In Tehran, the leather heads have gone into action but the deaths in the terrorist attacks on Parliament and the Khomeini mausoleum are already counting. The Islamic State claims the attacks even if the acronyms of the terrorist groups involved seem different. Details aside, disconnecting the fact from what is happening in the Persian Gulf is impossible.

Let's see with order.

Saudi Arabia plays the assembly against Qatar. The country, accused of financing Islamic extremism, is put on the ropes and seven "brothers" countries break diplomatic relations with Doha, pushed by theendorsement of Washington.

What happened?

Saudi Arabia points its finger at Qatar regarding support for Islamist terrorism. Basically the ox that gives the horned donkey.

Just to review, Saudi Arabia was the financial cradle of Al Qaeda, when in the 1989, the then Islamist brat moved the first steps in Afghanistan.

To stay in the area, in the 1997 Riad was the first to recognize, together with Pakistan and the United Arab Emirates, the fundamentalist regime of the Taliban in Kabul. Grown up with the caresses ofISI (Pakistani services), the Koranic students were not perceived as a danger from the West to the Twin Towers in the 2001. They were even tolerated to the point of being considered a moment of cohesion for Afghanistan, no longer orbiting the dissolved Soviet Union.
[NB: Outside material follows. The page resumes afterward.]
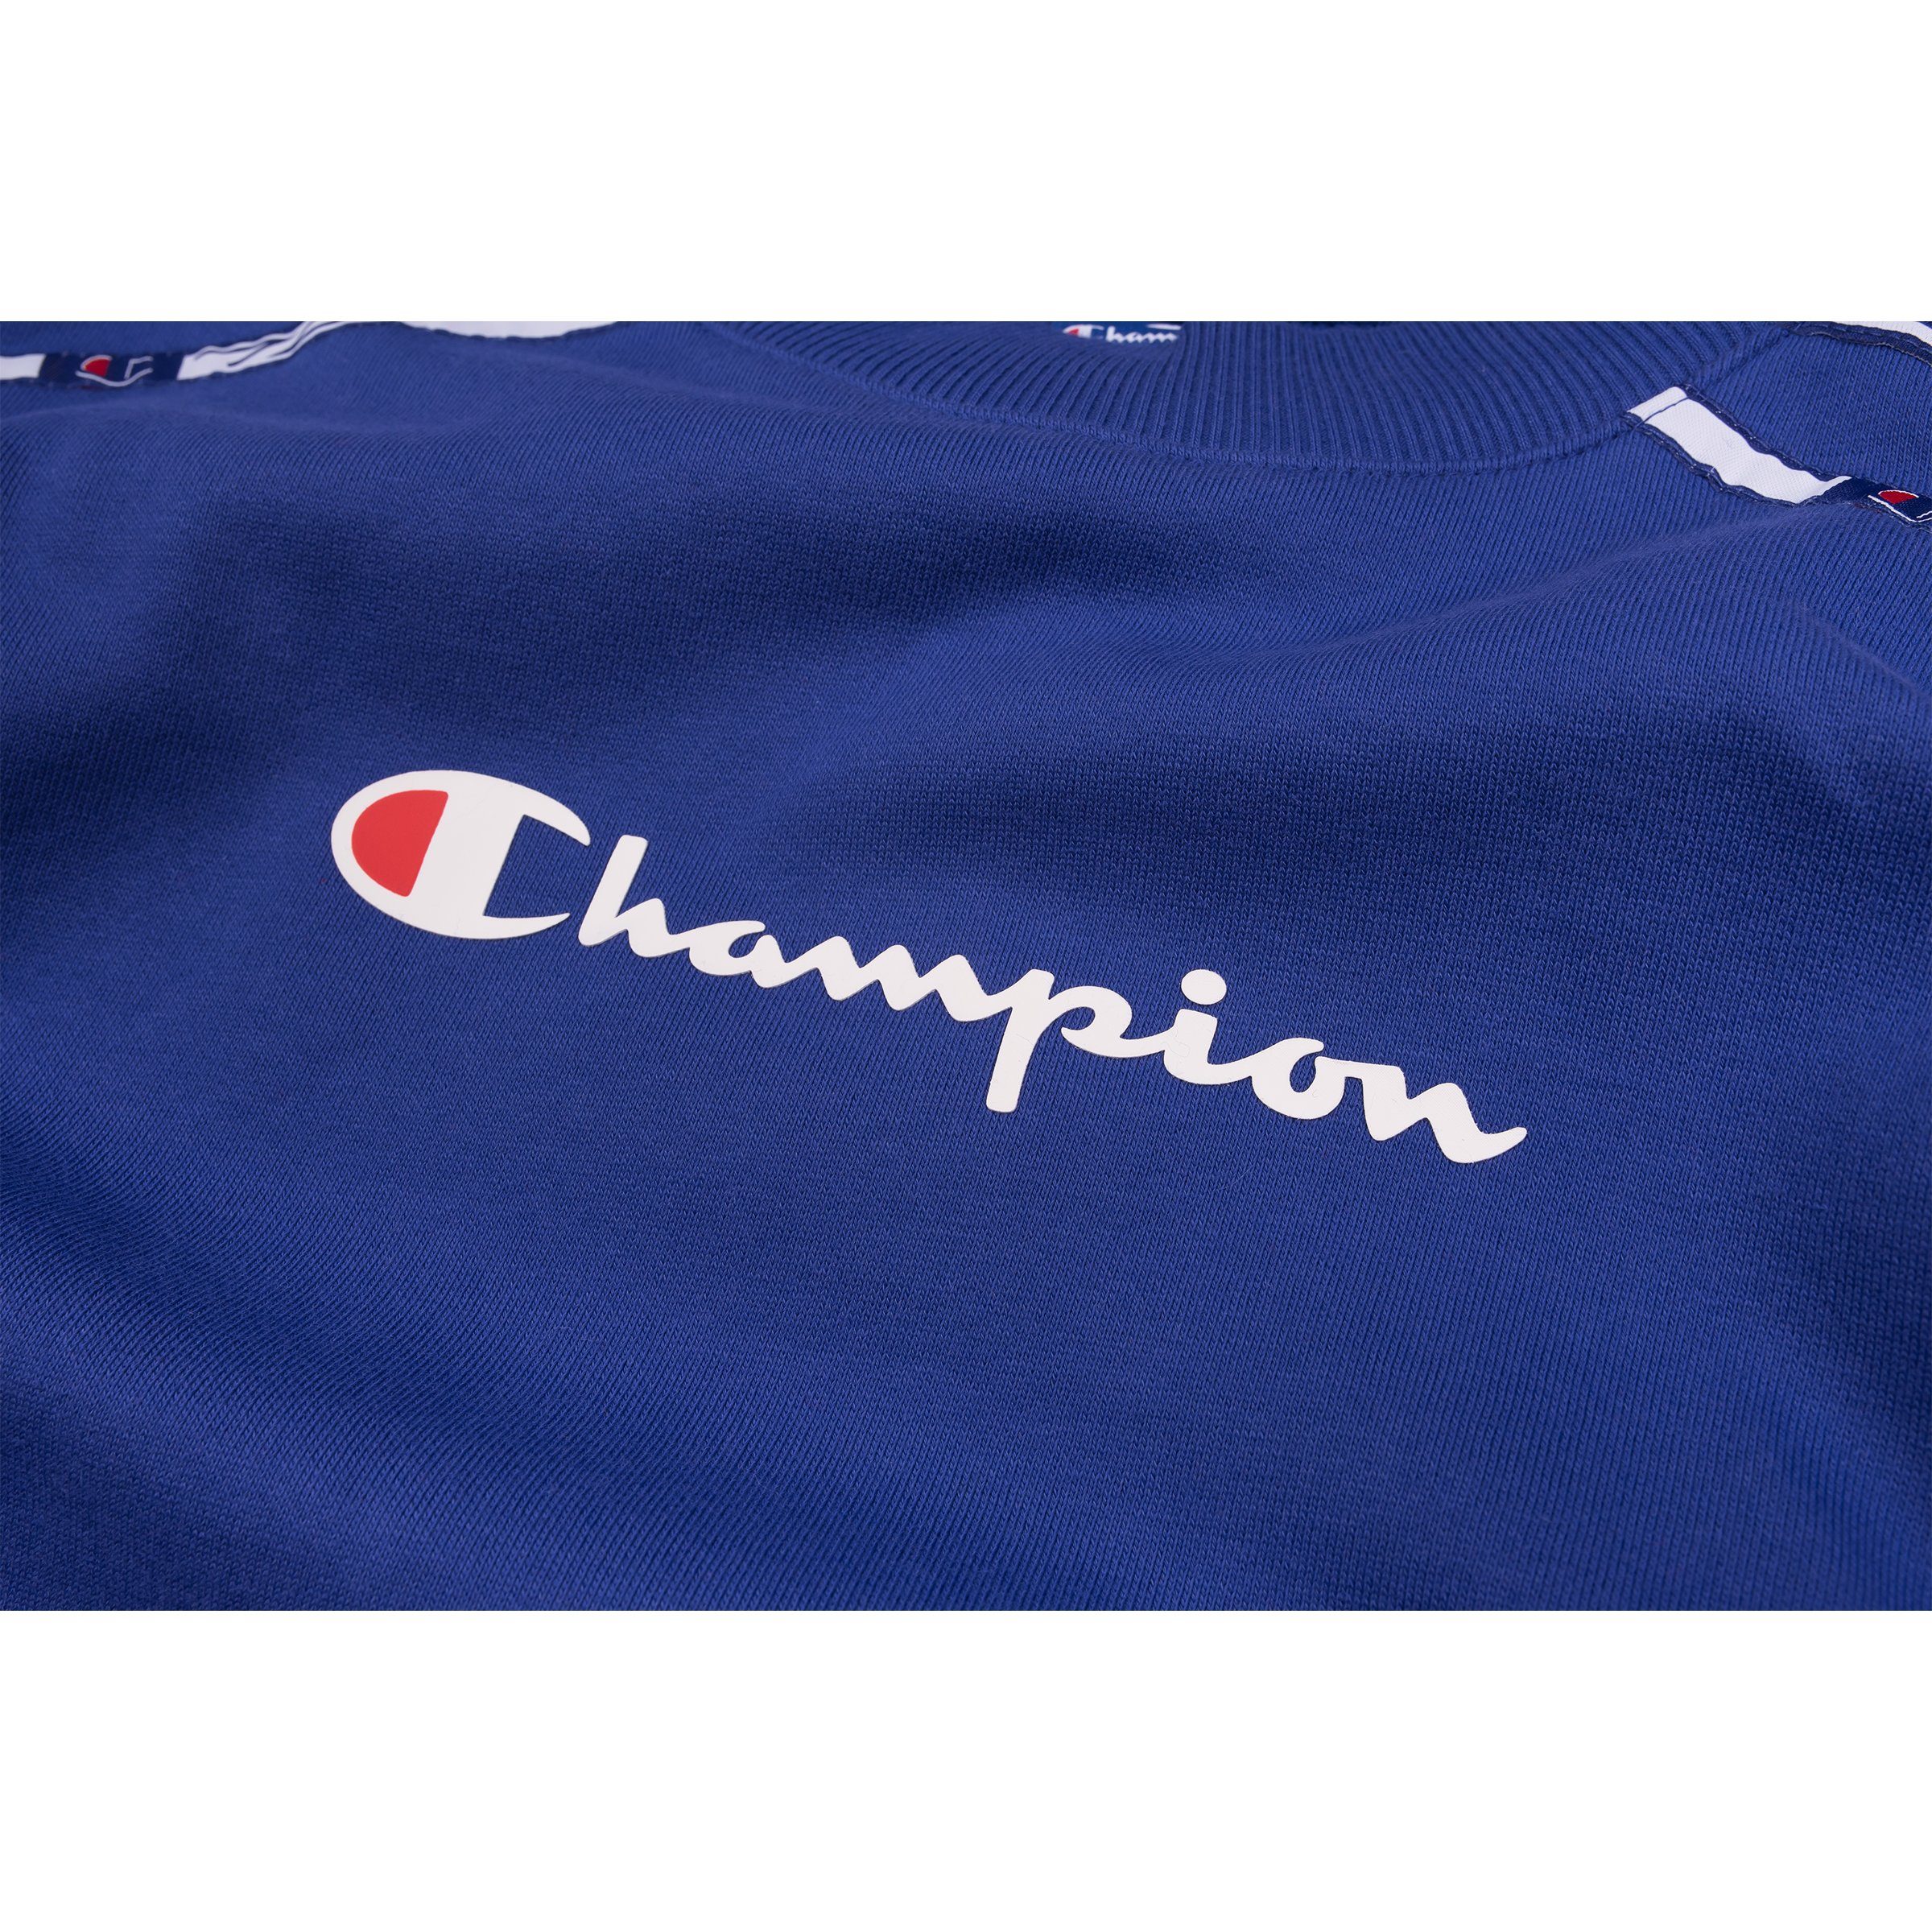 Sweatshirt Crewneck (ryr)/weiß Sweatshirt (scbl)/rot 113339 blau Champion Champion (wht) Damen
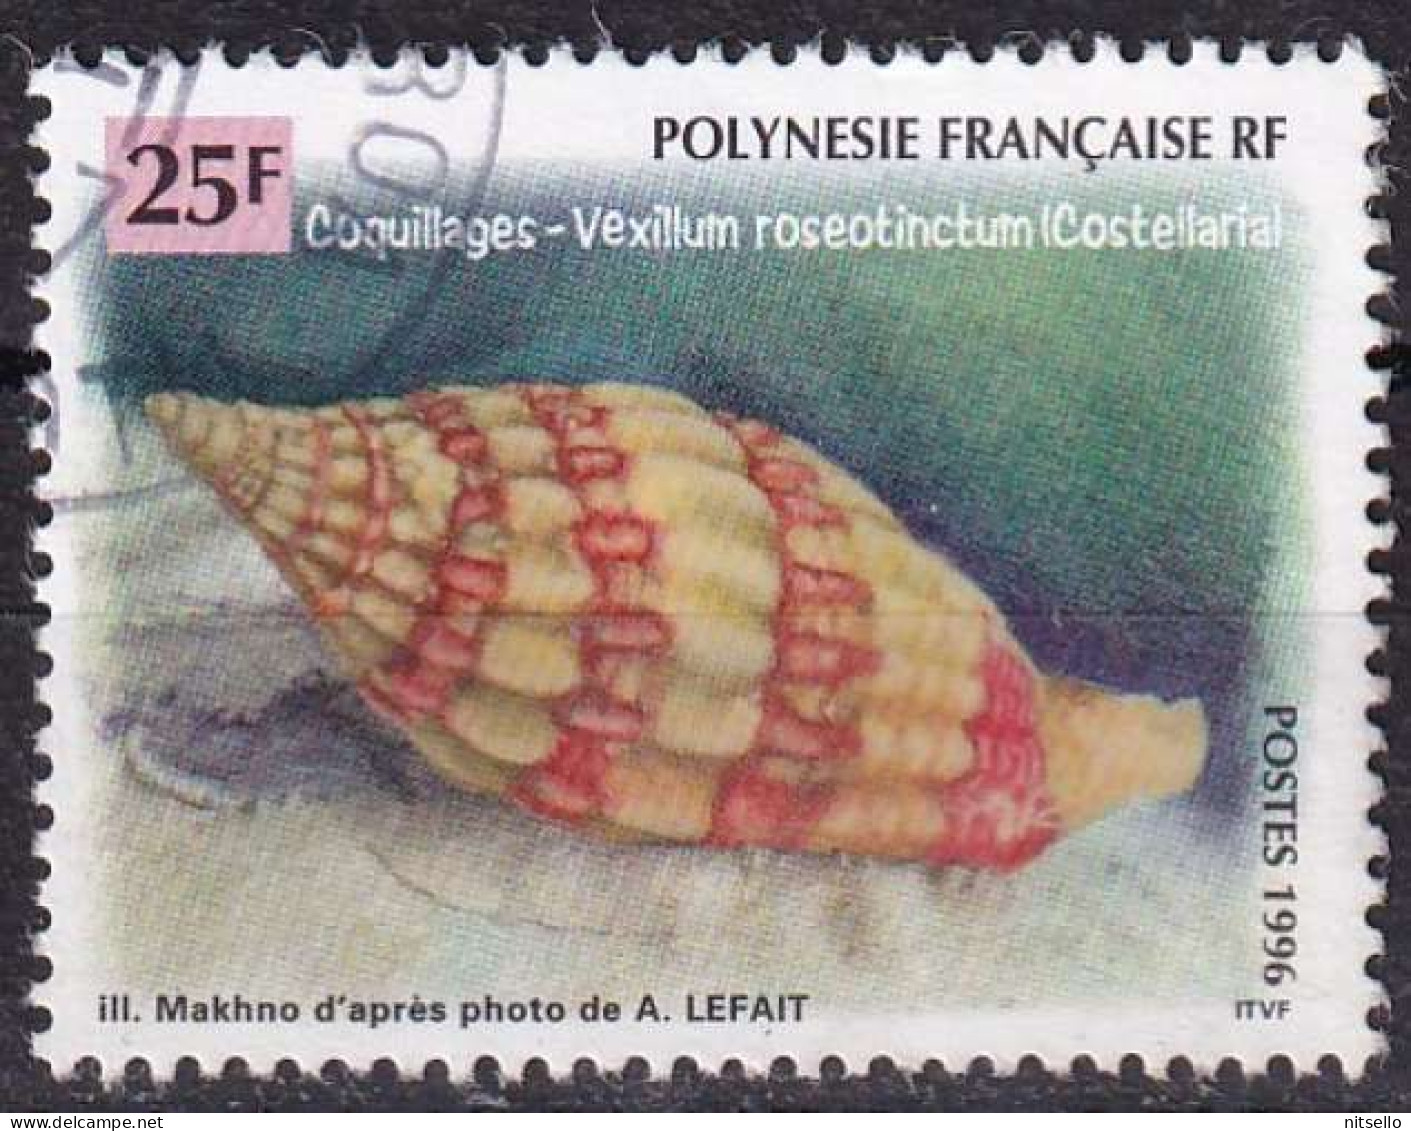 LOTE 2202A ///  (C020)  POLINESIA FRANCESA  - YVERT Nº: 505  ¡¡¡ OFERTA - LIQUIDATION - JE LIQUIDE !!! - Used Stamps

That the doctrine in force in Kabul was close to waahbismo Saudi, it did not matter to anyone. Even less than the Ri'asat Al-Istikhbarat Al-'Amah (the Saudi secret services) already mentioned the Sharia in its own statute ...

The passion of Riad for Sunni fundamentalism returns in recent times. Funding for Syrian Islamist rebels is well known: Jaysh to Islam, Al Nusra the former Al Qaeda Syrian then become Hayat Tahrir al-Sham, the Islamic State itself are just a few of the acronyms that have benefited from the economic, military and political support of Saudi Arabia, often in tune with Qatar in this kind of prowess.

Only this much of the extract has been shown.